To understand why “accuracy” is such a poor measure of performance, consider the detection of lung cancer. In the UK, approximately 1 person in every 1,000 is diagnosed with lung cancer annually. Now, I could easily develop an AI lung cancer test that is 99.9% accurate – all the test needs to do is always report a negative result – in 999 cases out of 1,000 it will be totally correct. The system is not helpful, in fact it would be downright harmful, but it is still 99.9% accurate. This is a common problem – many AI tools are aimed at detecting rare occurrences; be it criminal identification, cancer detection, equipment failure, or more mundane things like targeted advertising.

When searching for a needle in a haystack, calling everything hay is very accurate, but not very helpful.

If Not Accuracy Then What?

If accuracy is a bad measure, how can you evaluate the value of an AI solution? Let’s revisit our criminal offender detection AI solution. How would a perfect facial recognition system perform? Well, it would successfully identify every offender detected by the cameras, and it would never falsely accuse anyone that is innocent. Unfortunately, such algorithms are never perfect, so some innocent people may get labeled as offenders (false positives), while some offenders may not get detected (false negatives). There is nearly always a trade-off between these two events. By raising the threshold for positively identifying an offender, perhaps by specifying that the person’s full face must be seen and match exactly, the false positive rate can be greatly reduced, but this will also increase the likelihood that offenders will be missed, increasing the False Negative Rate. This trade-off is shown in the figure below:

The figure shows an example of the performance of a general AI-based classification system. In most cases such a system can be adjusted to operate at any point along the curve, reducing the False Positive Rate or reducing the False Negative Rate, but not both at the same time. The aim is to create a solution that will offer perfect performance, as indicated by the star. No false negatives and no false positives. However, until such a solution exists, the user will always face a trade-off.
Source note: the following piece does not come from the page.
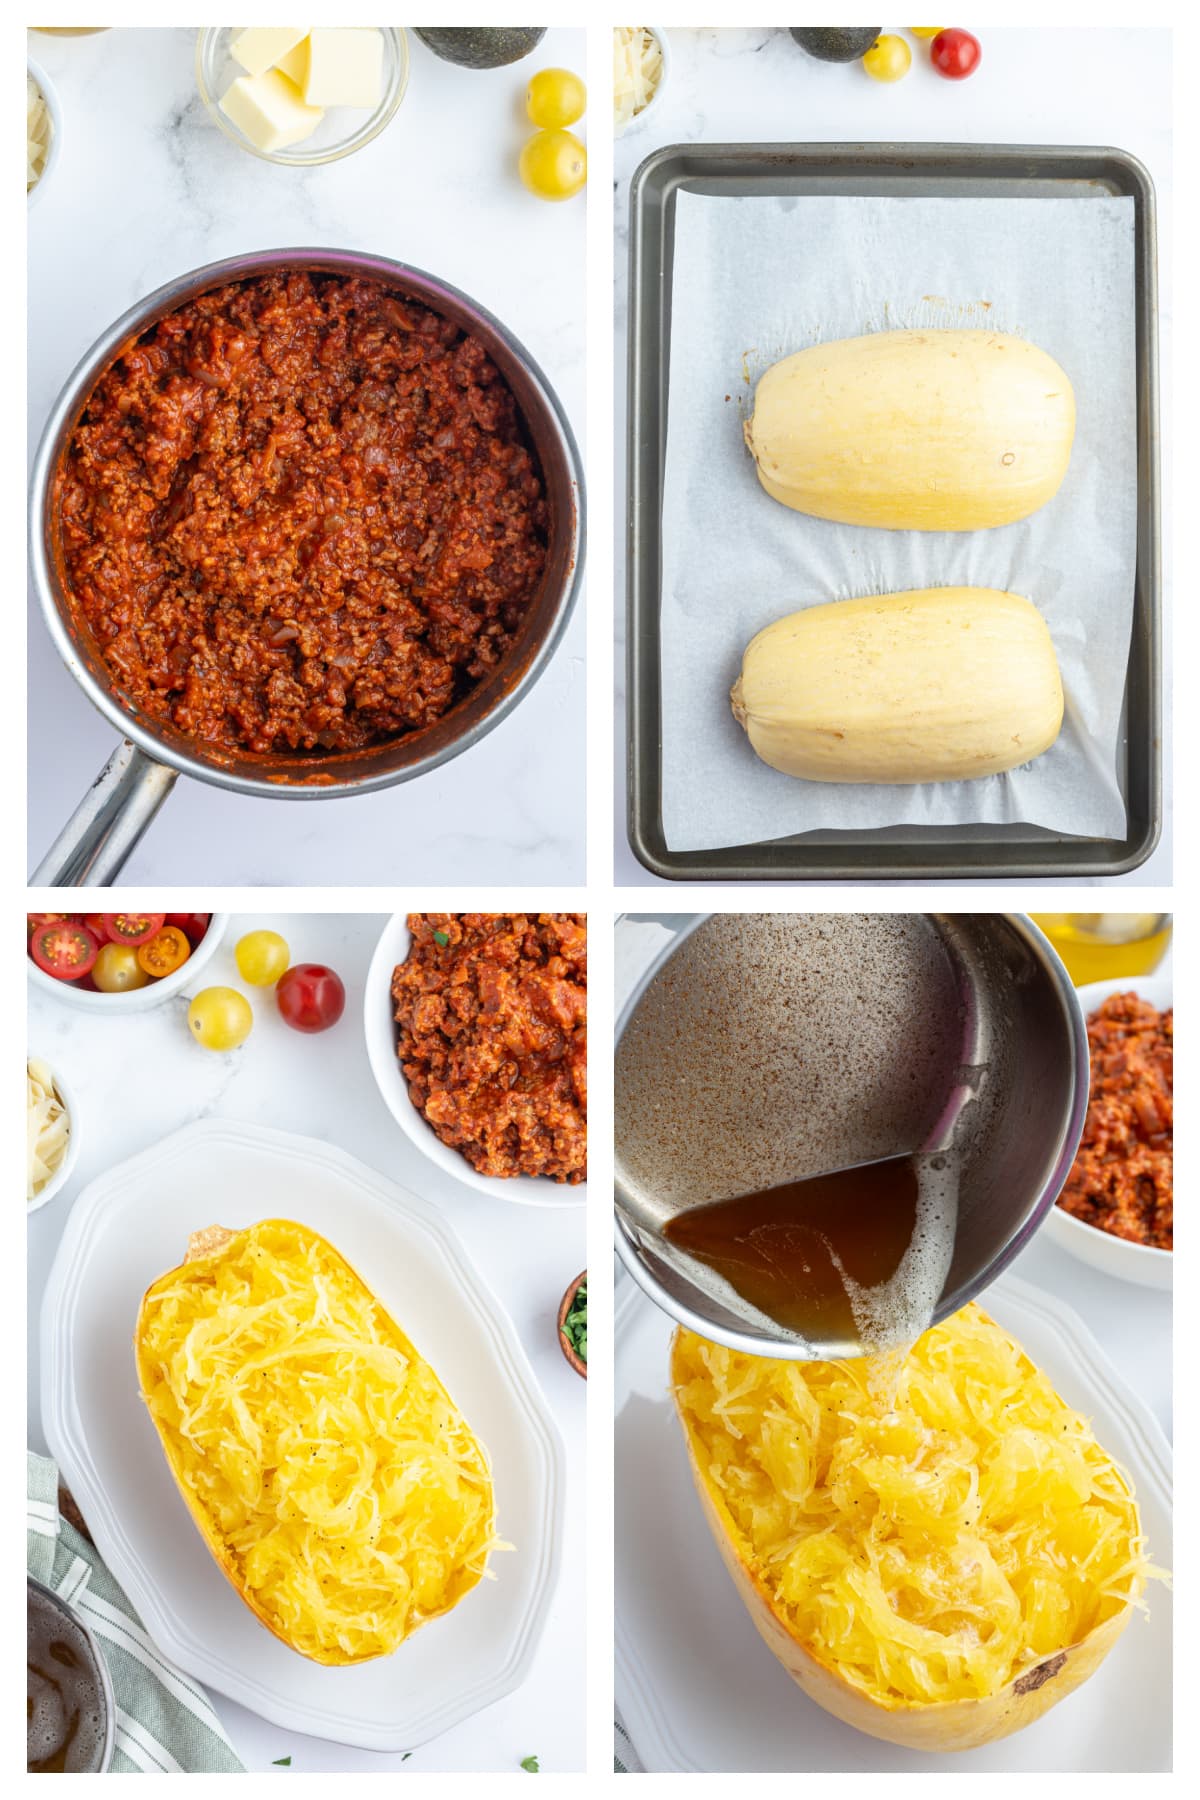 four photos showing making spaghetti squash with spicy meat sauce
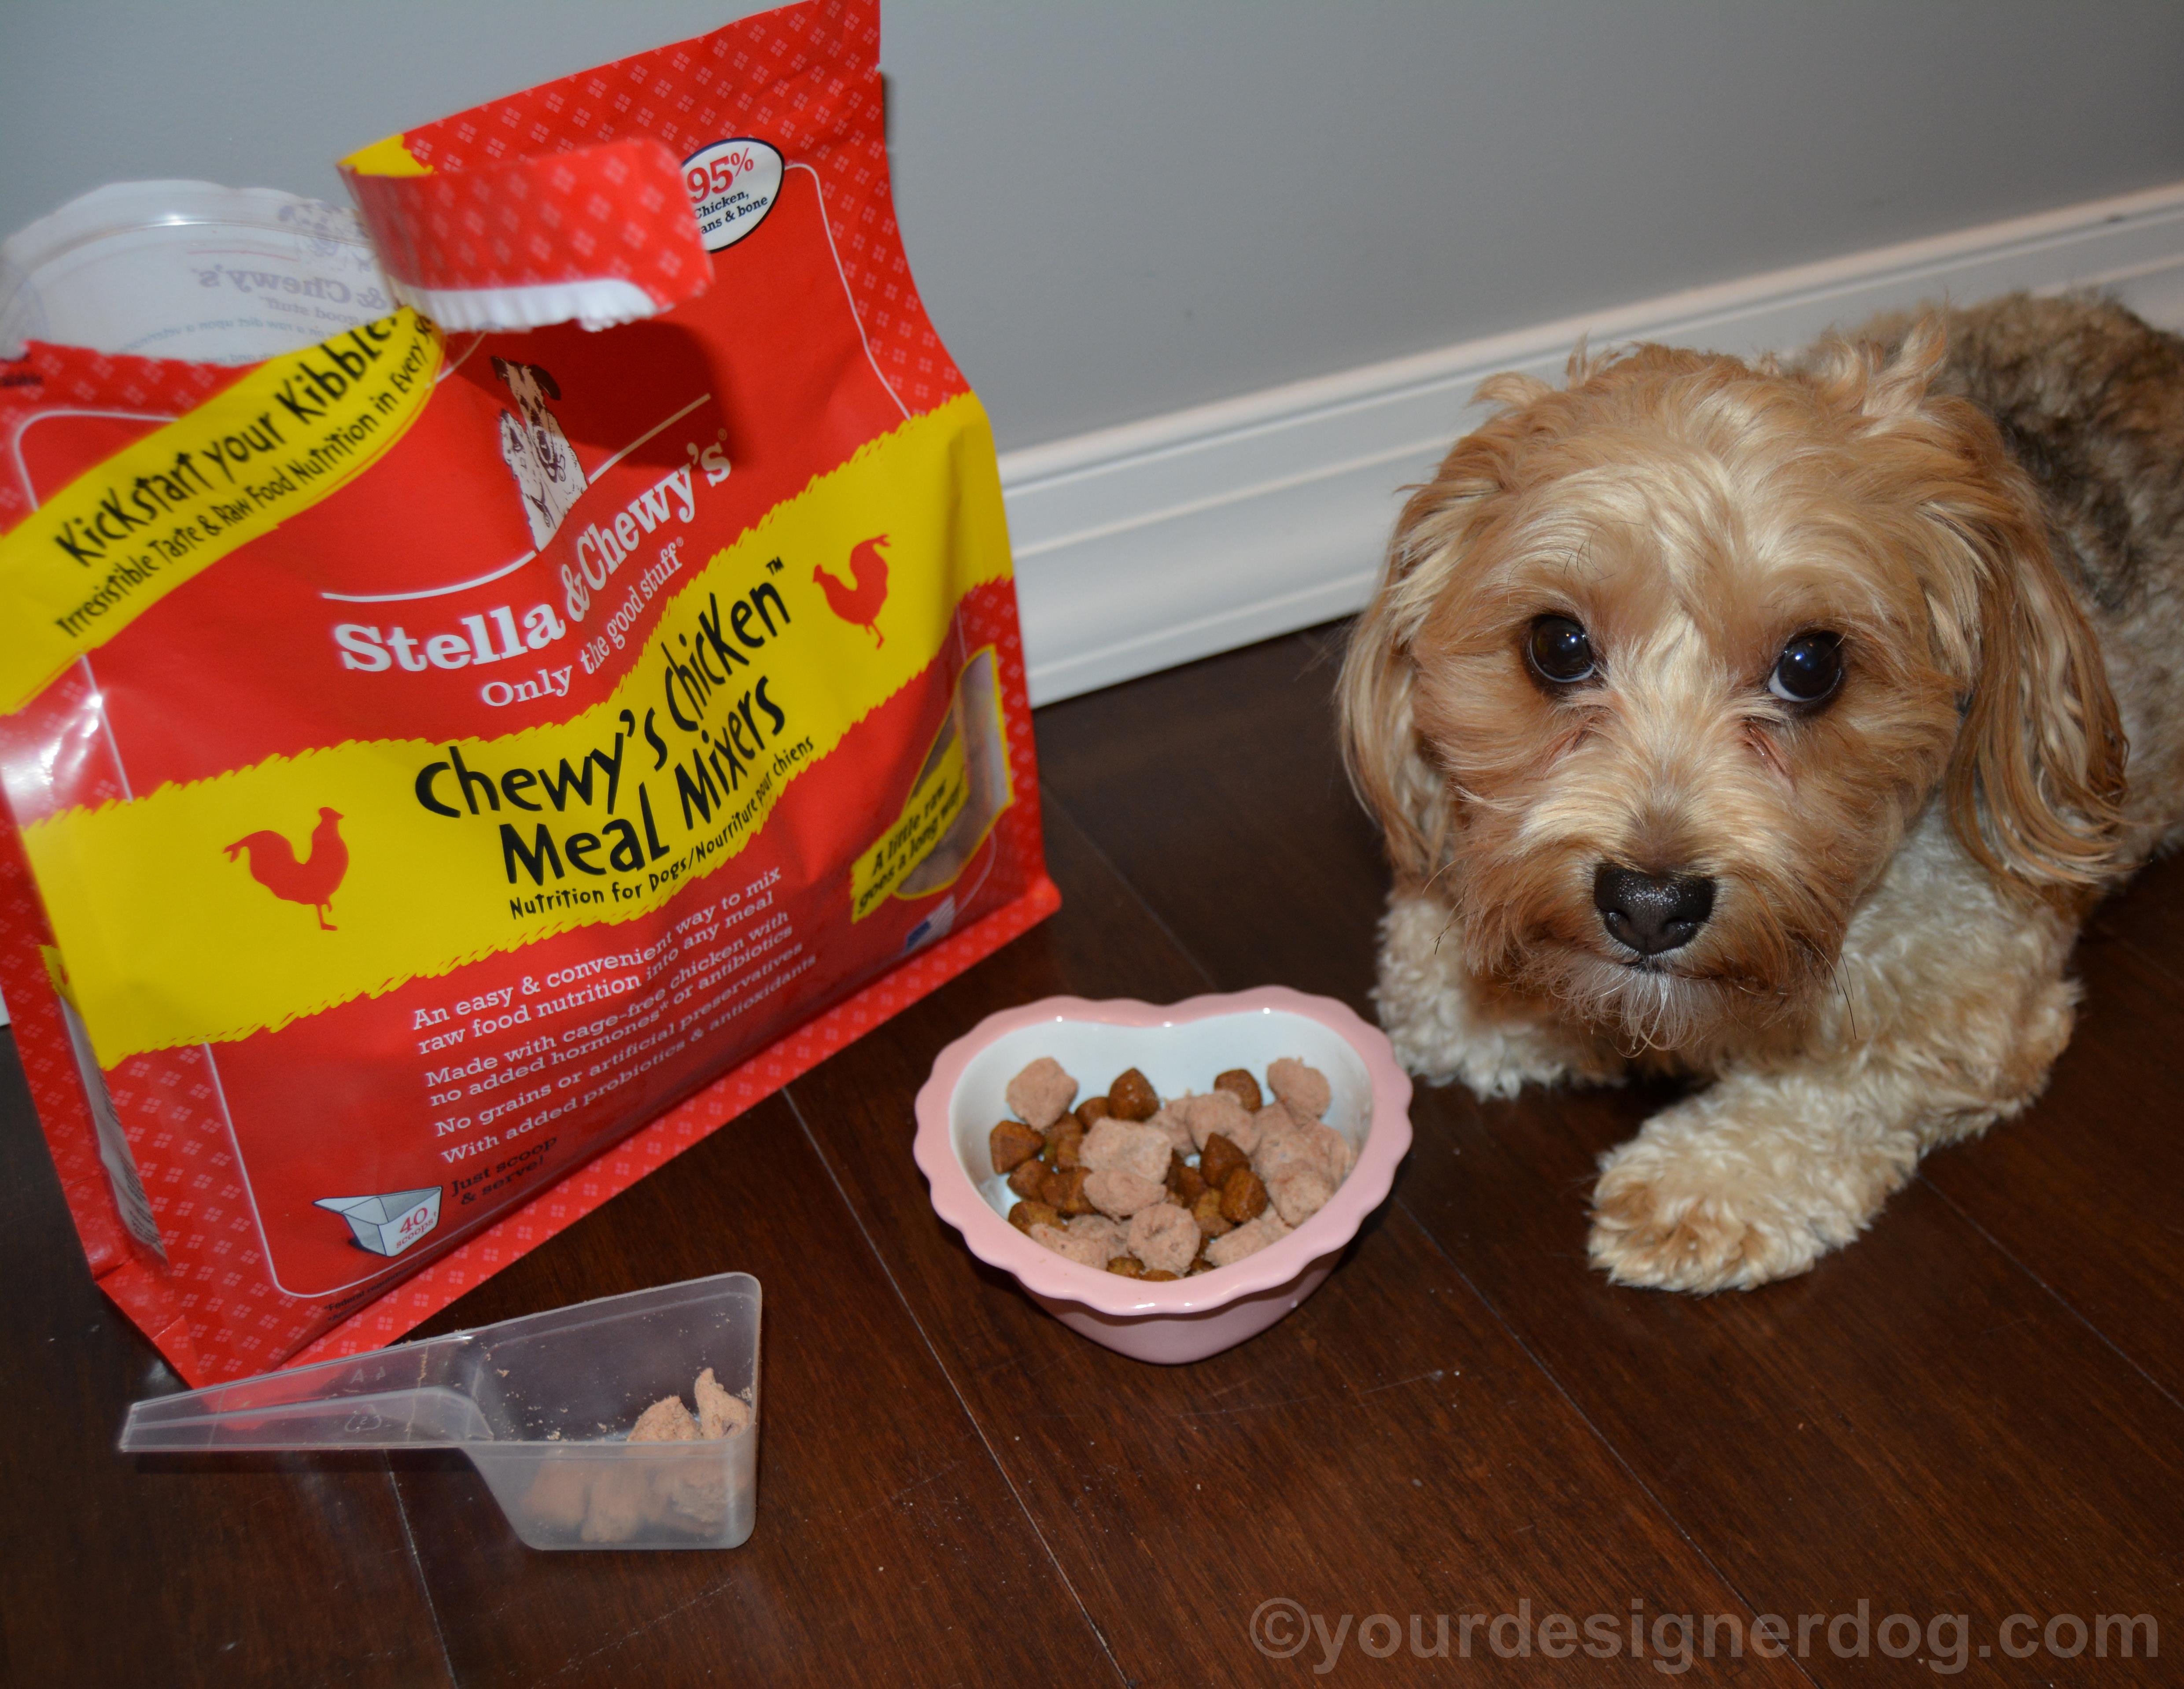 dogs, designer dogs, yorkipoo, yorkie poo, stella & chewy's, meal mixers, raw food, kibble

Where do you draw the line in this trade-off? Like the answer to many questions, it depends. What are the consequences of false negatives and false positives? For example, if AI is predicting when to maintain your household boiler, you probably want to bias the algorithm to give a low false positive rate, otherwise you will be spending money on unnecessary maintenance when it might be cheaper to wait until it fails before seeking help. Conversely, if you are trying to detect cancer, you want a very low false negative rate, since missing the diagnosis is likely to have severe consequences. (Note that my own hypothetical algorithm, where every sufferer is classed as healthy, has a False Negative Rate of 100% – so it is clearly dangerous, even though I can still legitimately claim 99.9% accuracy.)

So where does this leave us? Well, my recommendation is that whenever you see an accuracy or error-rate figure mentioned with respect to an AI-based solution, firstly look very closely at the motivation of the author. Might they have an agenda to promote? Secondly, look twice at the data. Is there sufficient information for you to calculate the False Positive and False Negative Rates? Which is most important, and where would you strike the balance to maximize economic and societal gain?

With this in mind, have another look at the result of the Metropolitan Police facial recognition trial. Is 10 offenders out of 150 flagged up really such a bad result? You decide.